*Saved entries*
BEGIN
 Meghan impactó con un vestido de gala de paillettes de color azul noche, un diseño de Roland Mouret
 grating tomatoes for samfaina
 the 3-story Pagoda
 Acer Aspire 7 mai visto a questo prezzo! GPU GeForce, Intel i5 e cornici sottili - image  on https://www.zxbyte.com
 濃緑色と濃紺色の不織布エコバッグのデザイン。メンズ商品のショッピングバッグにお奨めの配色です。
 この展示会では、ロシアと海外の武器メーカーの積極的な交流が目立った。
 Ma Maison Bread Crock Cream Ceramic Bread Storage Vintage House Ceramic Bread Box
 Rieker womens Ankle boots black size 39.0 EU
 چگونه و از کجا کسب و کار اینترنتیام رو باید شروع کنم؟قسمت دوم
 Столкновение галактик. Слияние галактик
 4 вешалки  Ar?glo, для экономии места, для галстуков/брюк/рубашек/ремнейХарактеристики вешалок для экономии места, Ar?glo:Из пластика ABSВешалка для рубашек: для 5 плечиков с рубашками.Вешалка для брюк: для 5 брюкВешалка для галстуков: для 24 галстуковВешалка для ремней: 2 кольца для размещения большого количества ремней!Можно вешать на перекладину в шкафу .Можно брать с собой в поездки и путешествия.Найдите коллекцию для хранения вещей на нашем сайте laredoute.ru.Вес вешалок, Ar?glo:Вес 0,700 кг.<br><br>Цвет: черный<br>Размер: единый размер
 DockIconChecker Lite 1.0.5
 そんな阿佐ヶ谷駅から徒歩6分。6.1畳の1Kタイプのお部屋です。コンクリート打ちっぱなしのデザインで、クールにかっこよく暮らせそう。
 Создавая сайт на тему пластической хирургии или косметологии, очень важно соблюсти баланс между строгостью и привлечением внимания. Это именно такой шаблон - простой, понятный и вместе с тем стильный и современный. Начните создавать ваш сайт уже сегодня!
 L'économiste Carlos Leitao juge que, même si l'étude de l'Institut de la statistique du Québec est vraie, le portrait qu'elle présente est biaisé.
END
*About this task*
Return, unchanged, the run of lines above that opens with the line containing "Acer Aspire 7" and closes with the line containing "この展示会では、ロシアと海外の武器メーカーの積極的な交流が目立った。". Include both.

*Response to this task*
 Acer Aspire 7 mai visto a questo prezzo! GPU GeForce, Intel i5 e cornici sottili - image  on https://www.zxbyte.com
 濃緑色と濃紺色の不織布エコバッグのデザイン。メンズ商品のショッピングバッグにお奨めの配色です。
 この展示会では、ロシアと海外の武器メーカーの積極的な交流が目立った。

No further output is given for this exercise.